§ **Requirement**: Note on the material below: return exactly the lines from the line that holds "Grünes Gras und" through the line that holds "Główka Pracuje - matowa", and leave out each picture.

§ **Supplied records**:
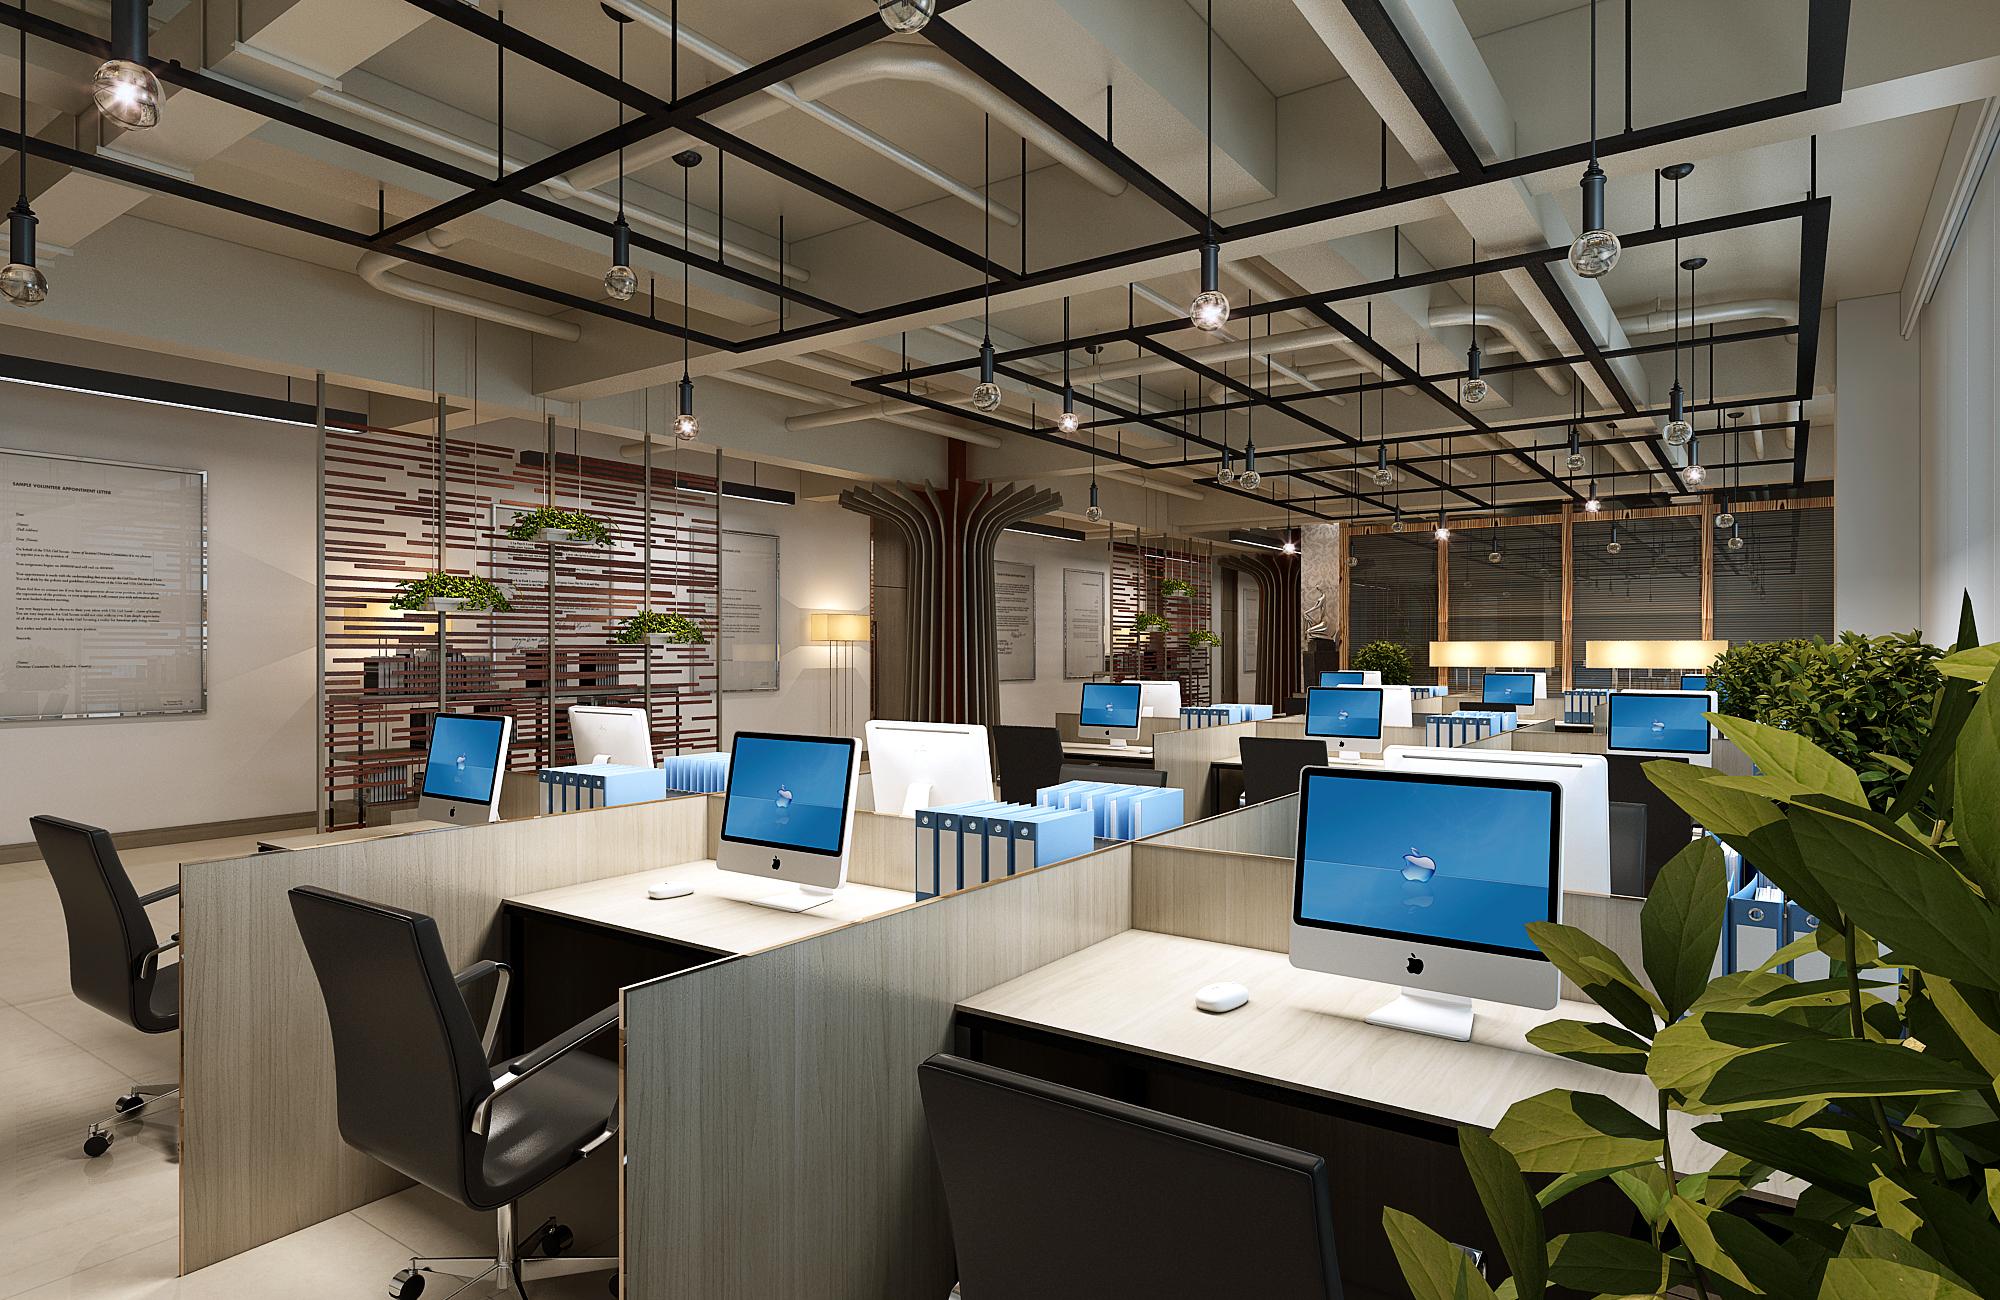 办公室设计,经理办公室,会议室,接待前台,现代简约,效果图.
---
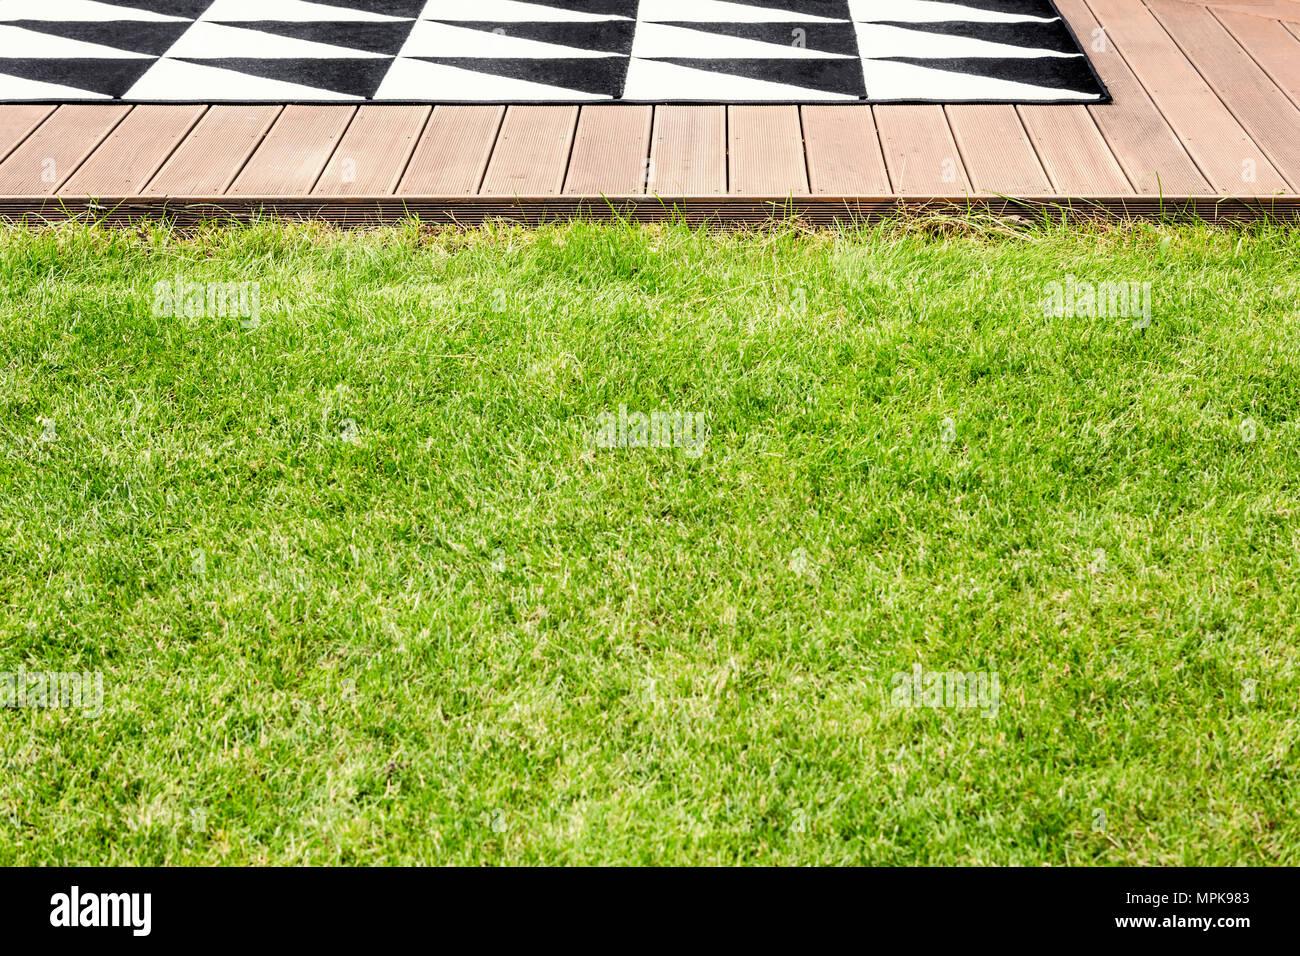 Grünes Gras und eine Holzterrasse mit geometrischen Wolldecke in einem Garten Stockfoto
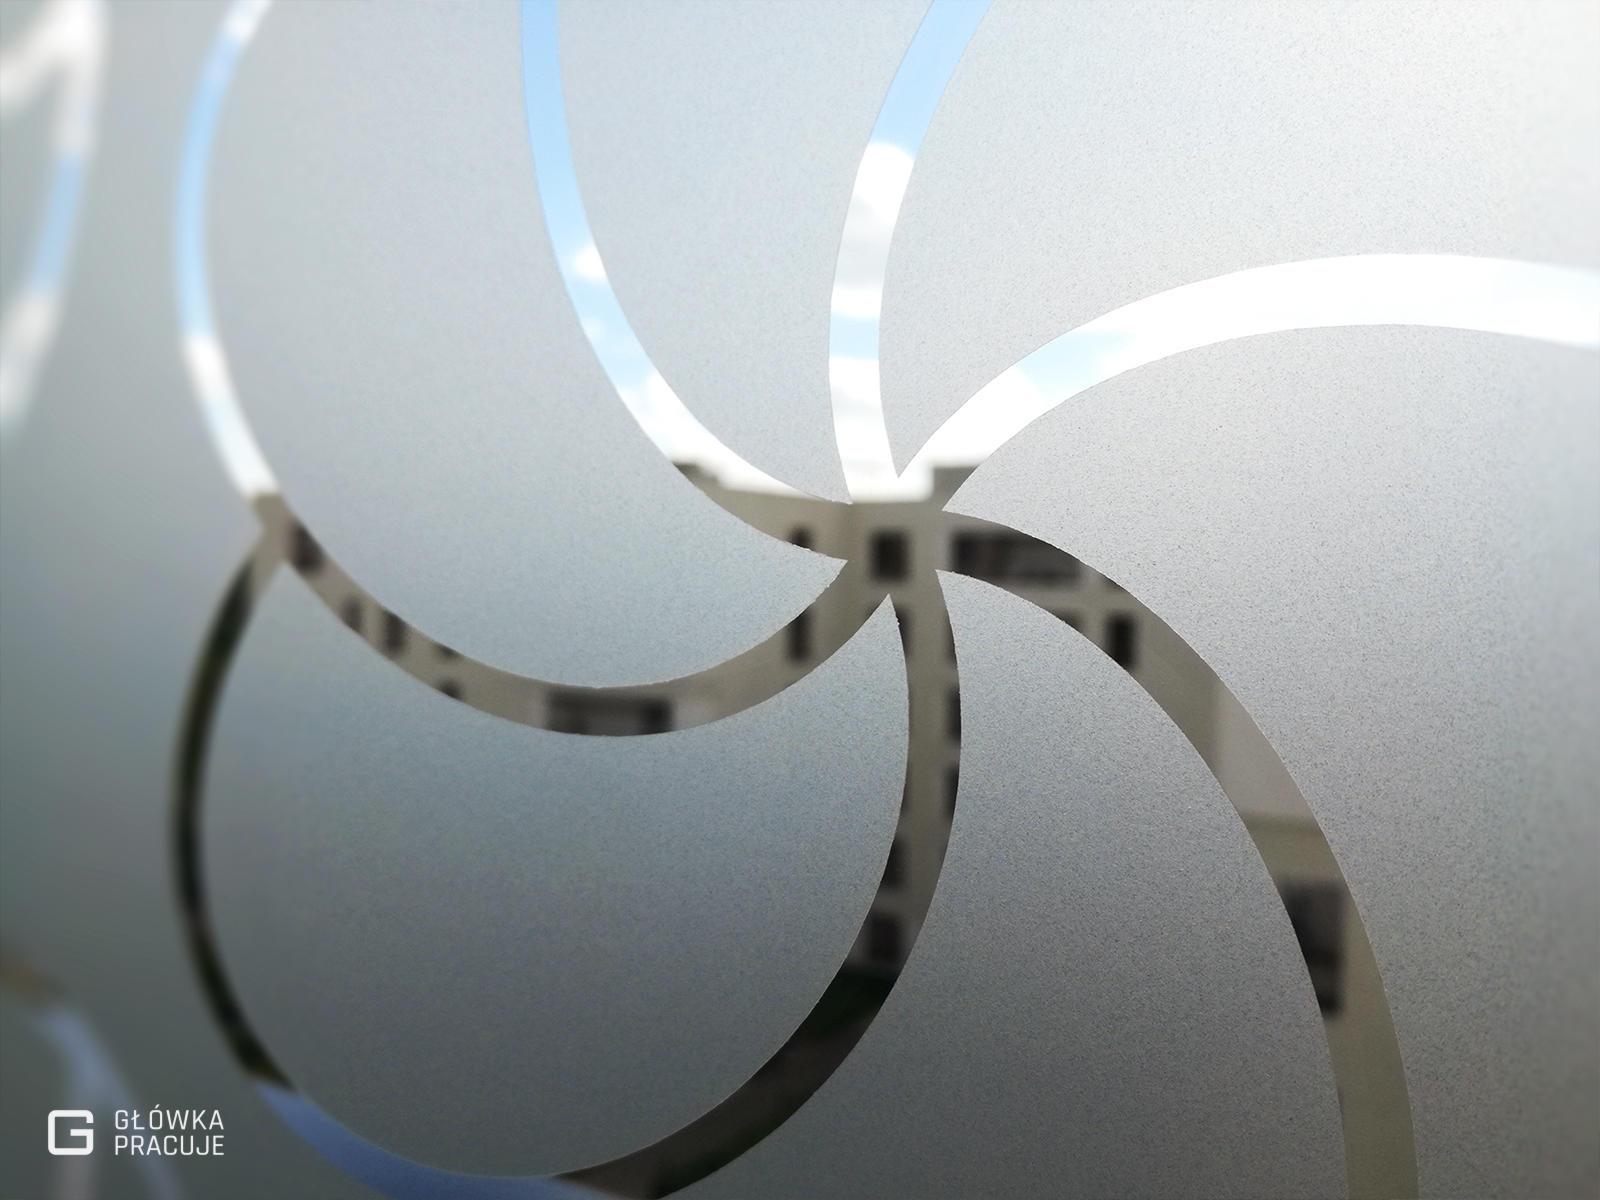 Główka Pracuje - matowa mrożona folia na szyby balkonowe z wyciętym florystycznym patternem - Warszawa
---
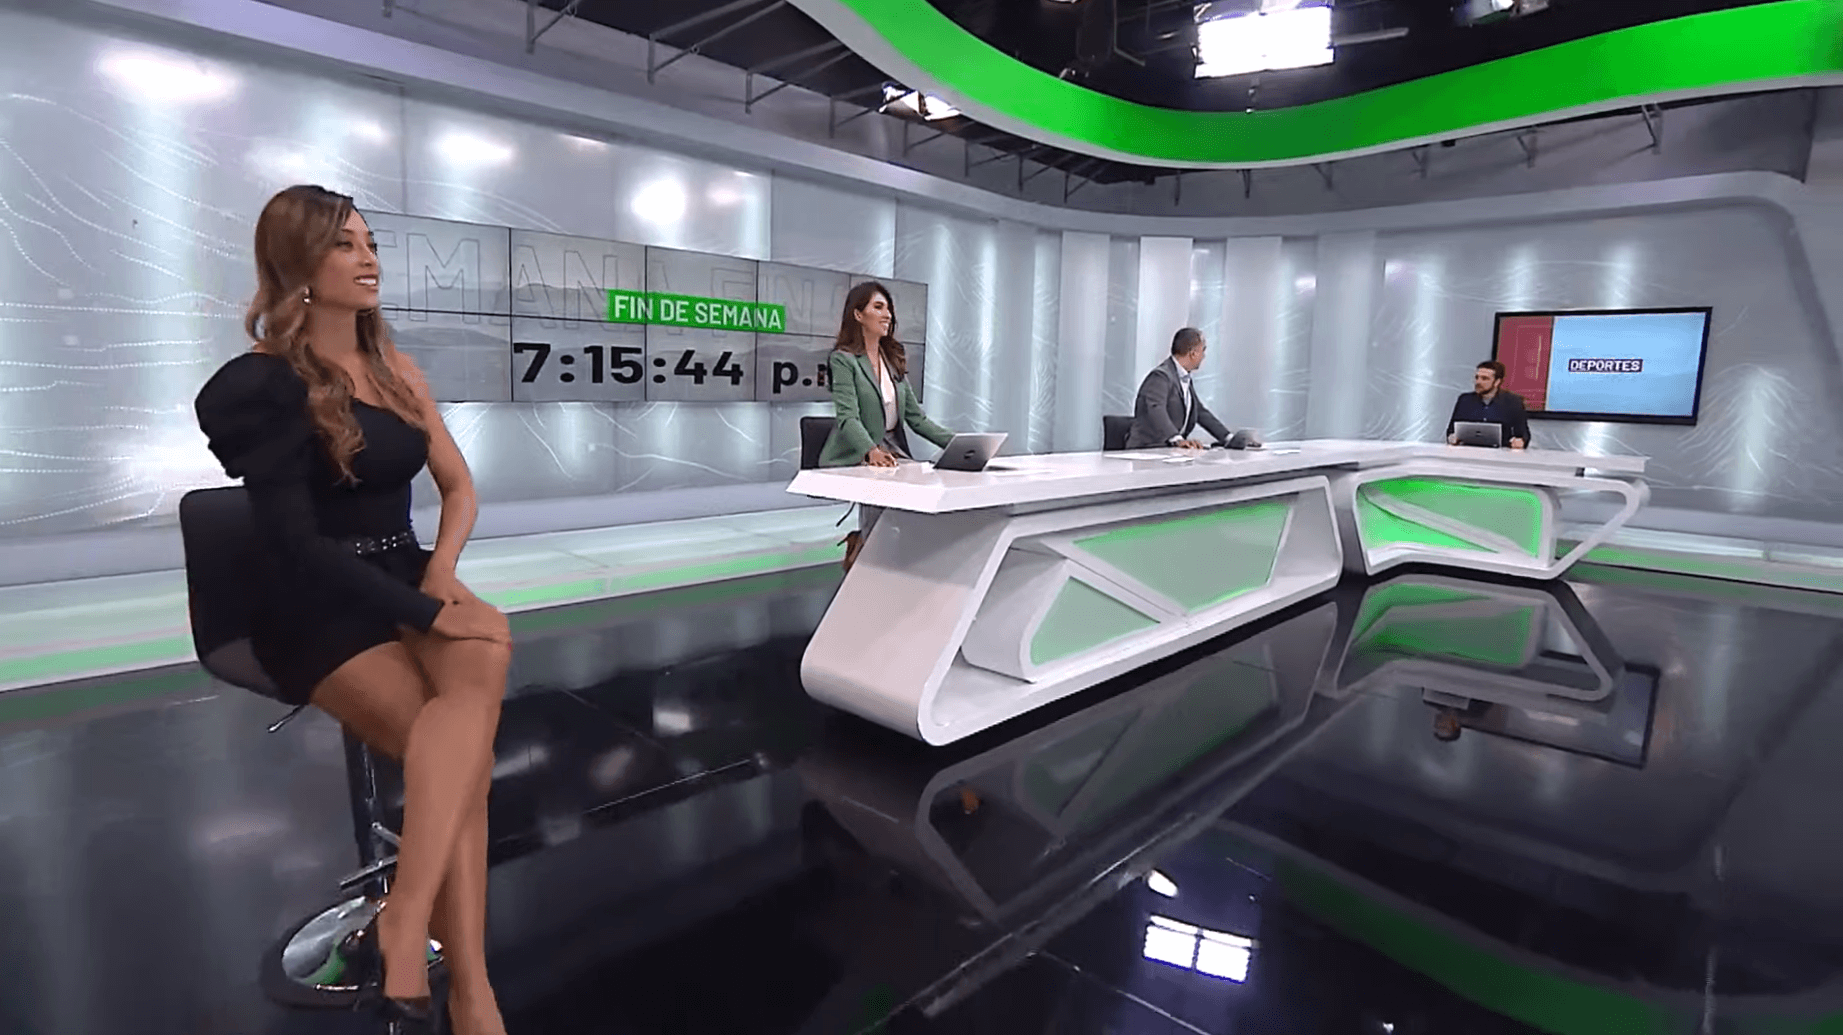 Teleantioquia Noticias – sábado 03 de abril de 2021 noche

§ **Response area**:
 Grünes Gras und eine Holzterrasse mit geometrischen Wolldecke in einem Garten Stockfoto
 Główka Pracuje - matowa mrożona folia na szyby balkonowe z wyciętym florystycznym patternem - Warszawa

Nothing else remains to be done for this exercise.